Based on those measurements, she said, traffic is directed toward or away from FIS or its competitors, which include Dutch payment company Adyen, Irish-American SaaS company Stripe, and especially Brookfield, Wisconsin-based fintech Fiserv.

This is why products like Guaranteed Payments are “of huge strategic importance for [our] e-commerce business,” she said. “Part of our huge plan is just to grow our e-commerce volume.”

Moreover, while one could simply pay to use Signifyd's product on its own, Jass added, the fact that it's already fully integrated into FIS's payment flow is a huge value add, as manual solutions integration into financial technology can often take months.

Guaranteed Payments isn’t FIS's first product designed to increase transaction approval rates. Worldpay released a solution called AuthMax in June 2018, which was also made to increase debit and credit card approval rates for U.S. e-commerce merchants.

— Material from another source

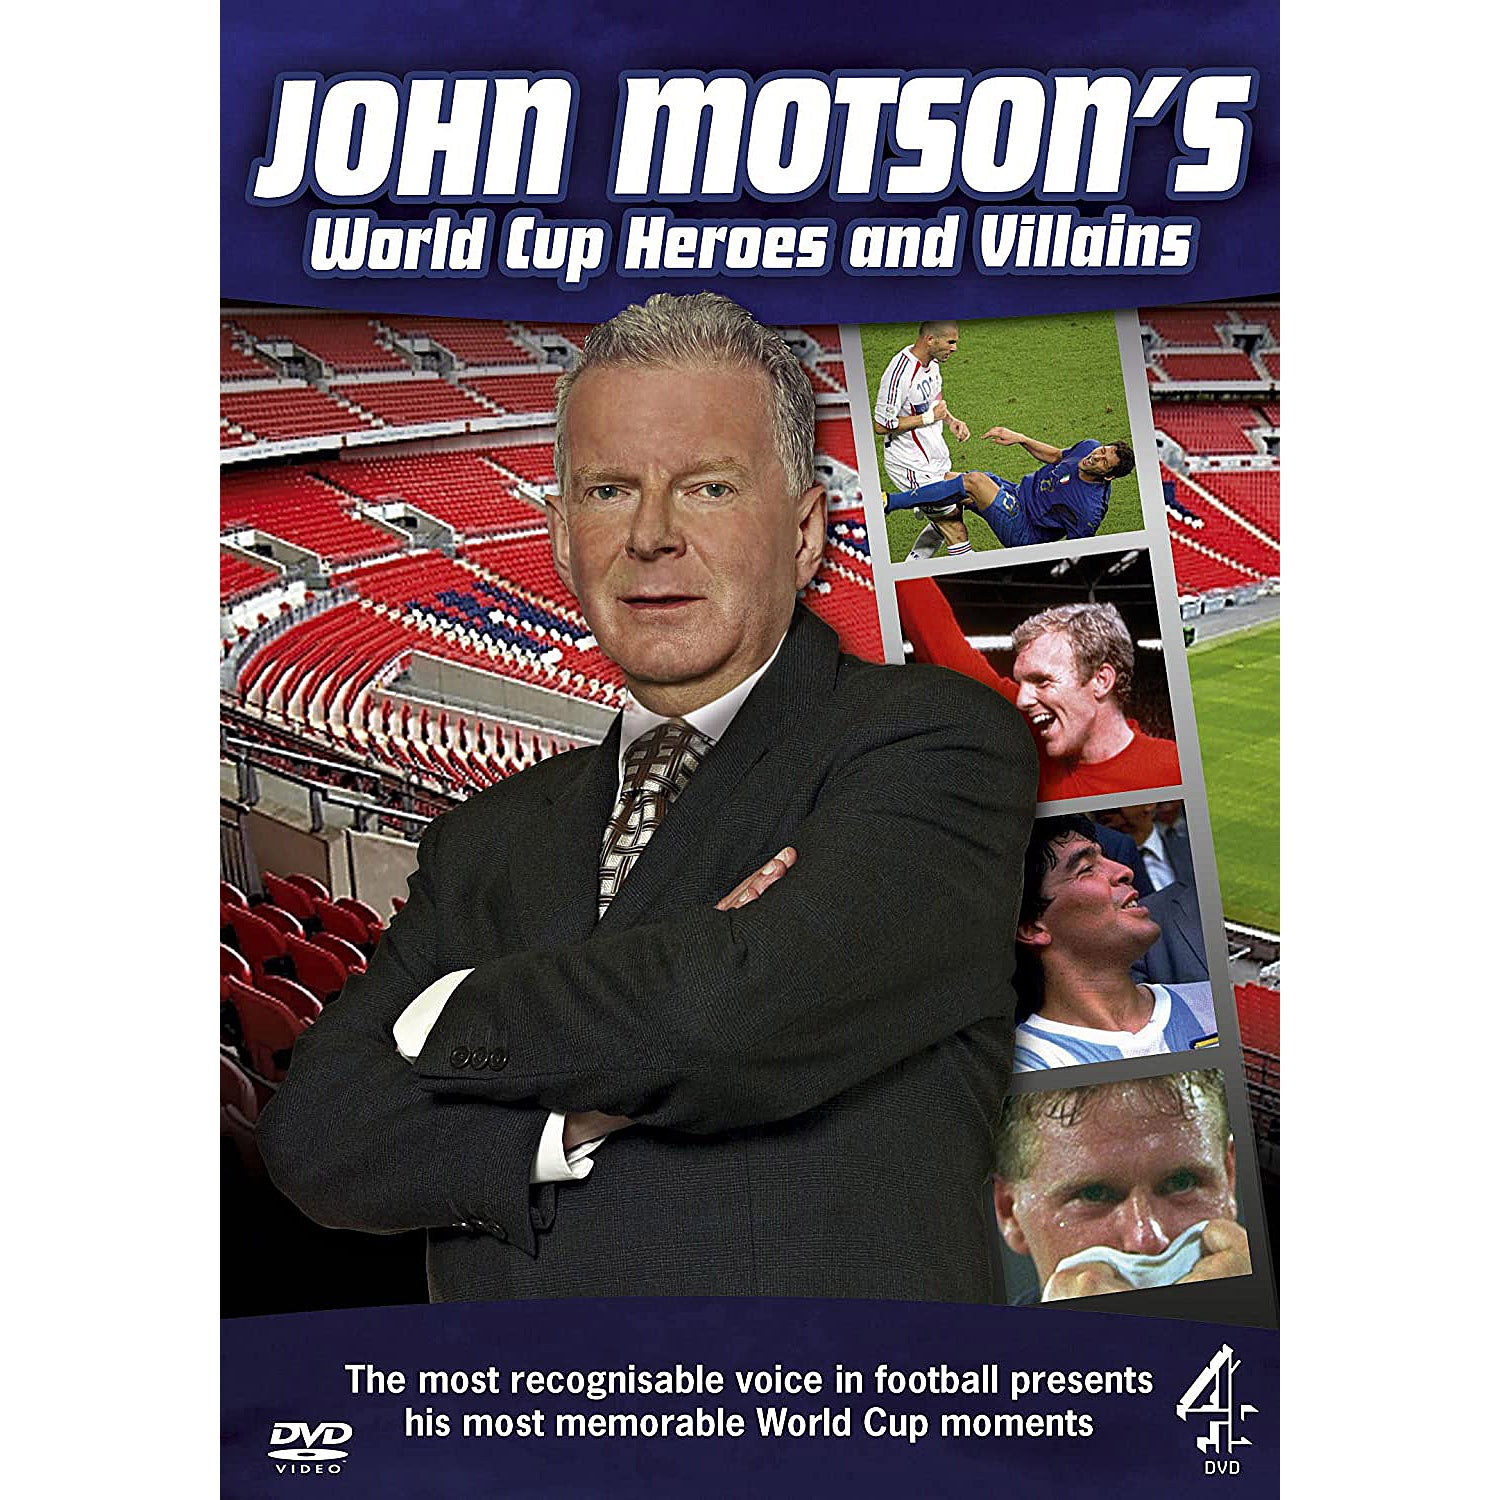 John Motson's World Cup Heroes and Villains

It accomplished this, Jass said, by sending or suppressing certain data elements — such as zip codes, addresses and other information — to issuers.

"Maybe it's a zip code or a full address, and the consumer enters it wrong, so there's over-emphasis on it," Jass said.

Incorrectly entered data points like these are often marked as fraudulent and blocked, inconveniencing all involved without actually preventing fraud.

FIS also started a pilot for a separate product, AuthMax Preferred Customer, in Q4 2021, which it had in the market in Q2 2022. Recognizing that fraudulent activity on a given card often leads legitimate transactions — like recurring subscription payments — to be denied on those cards, FIS created a product that helps those legitimate transactions go through for certain reliable cardholders, such as for those that have been consistently paying a recurring fee on time.

“If you lose your card … you probably still want your Netflix, even though your physical card has been compromised,” Jass said.

And the e-commerce market continuing to grow, FIS doesn't look likely to slow down its merchants solutions focus anytime soon.

"Global e-commerce continues to be our fastest growing business, consistent with our strategy," FIS President Stephanie Ferris said on the company's Aug. 4 quarterly earnings call. "We spent the past several years investing to bring forward the next generation of fintech solutions. The market is recognizing our shift."